## [Task instructions]
Print the records below exactly, from the line containing "100 7x5x5 Cardboard" down to the line containing "Criminal Liability Of Kelly's Case", both lines included, and omit every picture.

## [Data under study]
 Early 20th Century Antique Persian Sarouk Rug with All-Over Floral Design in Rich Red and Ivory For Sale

---

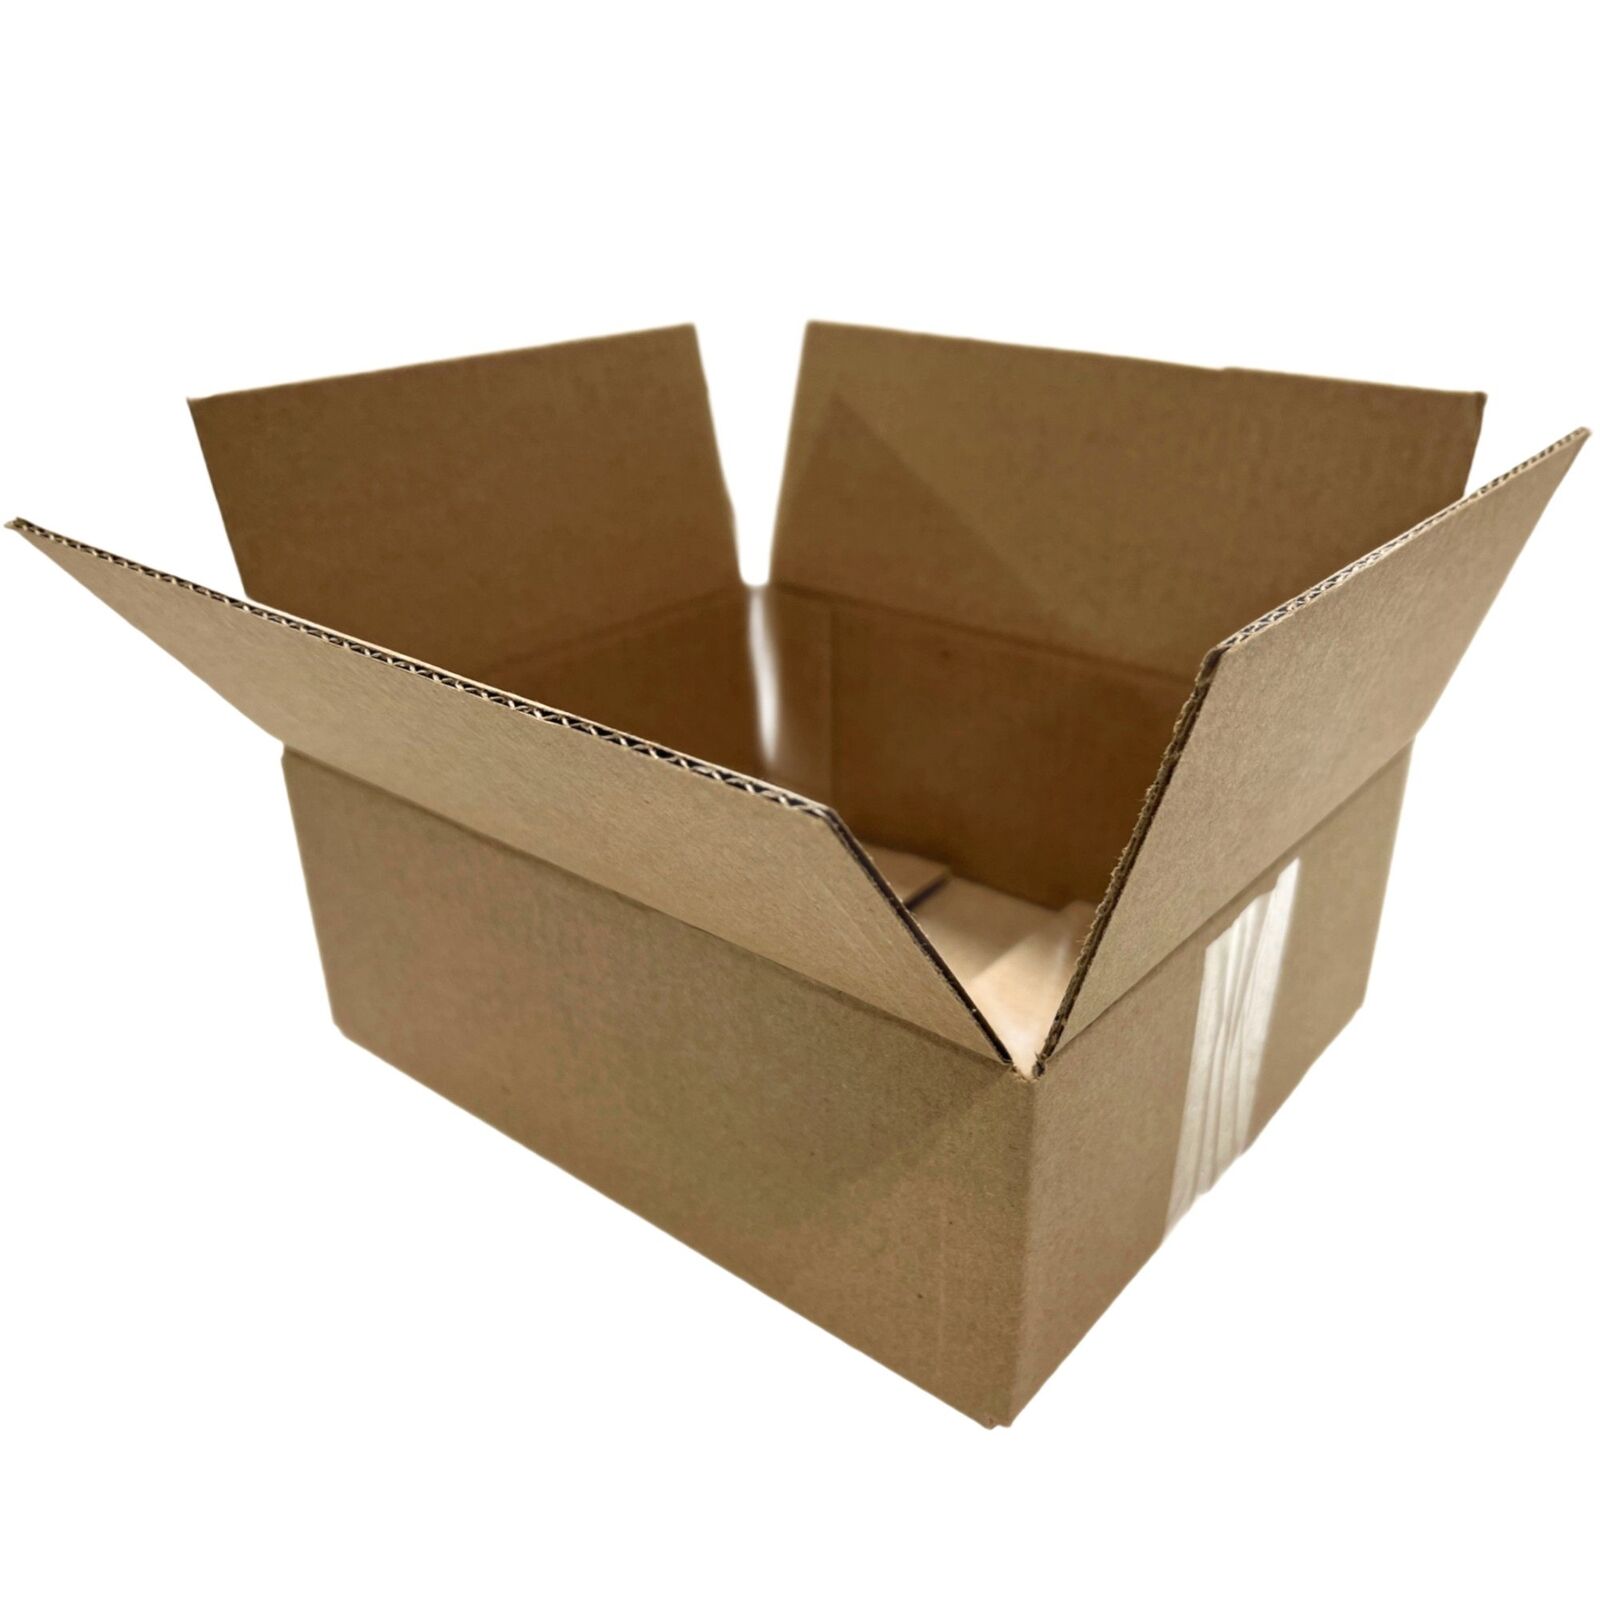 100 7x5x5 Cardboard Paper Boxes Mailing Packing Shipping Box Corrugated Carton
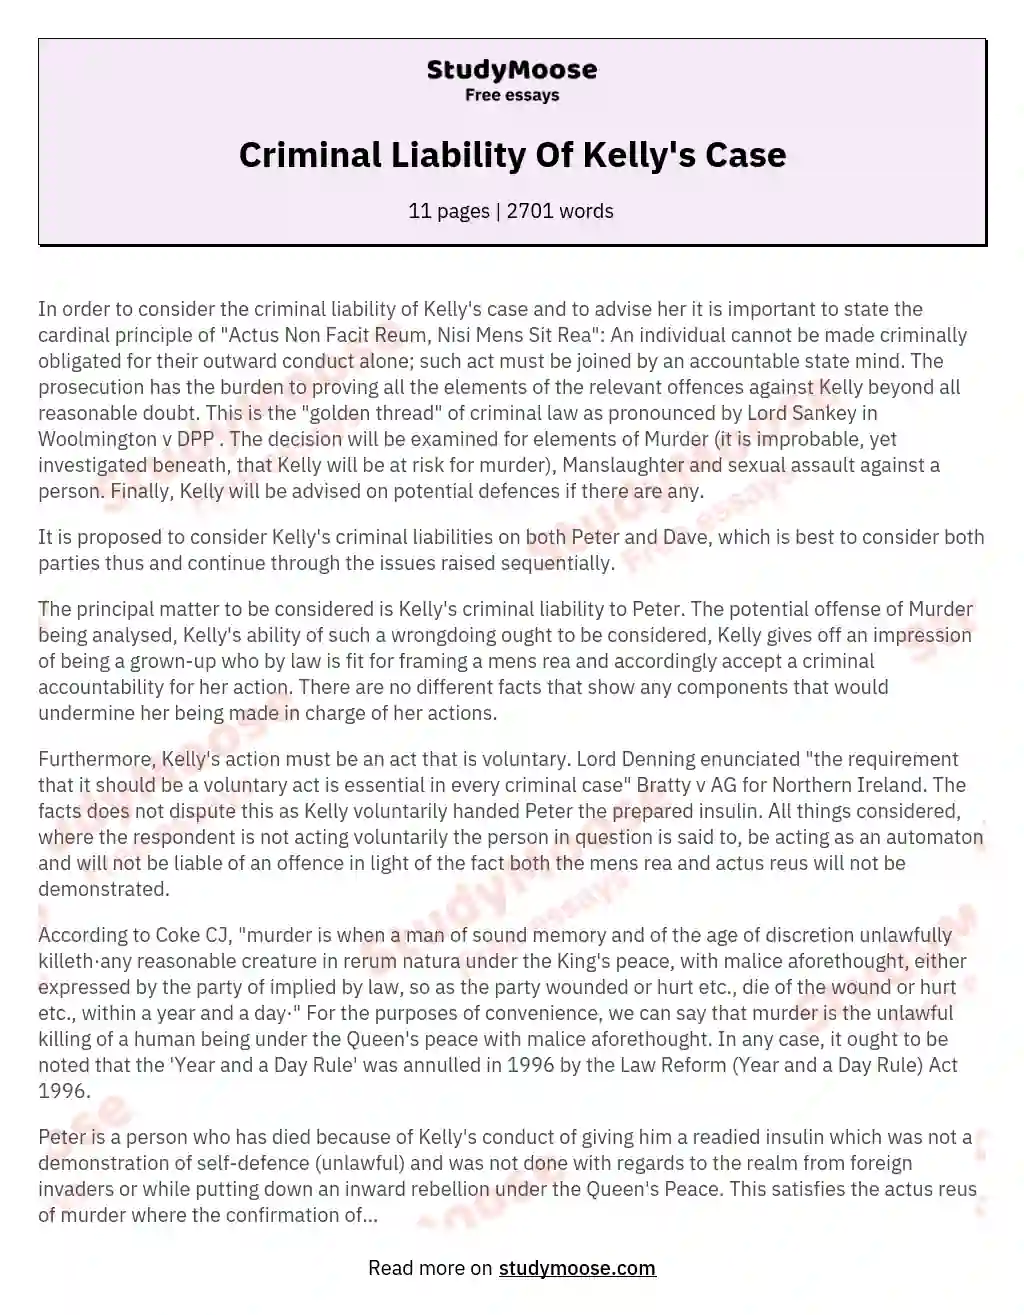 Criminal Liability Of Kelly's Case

## [Problem solution]
 100 7x5x5 Cardboard Paper Boxes Mailing Packing Shipping Box Corrugated Carton
 Criminal Liability Of Kelly's Case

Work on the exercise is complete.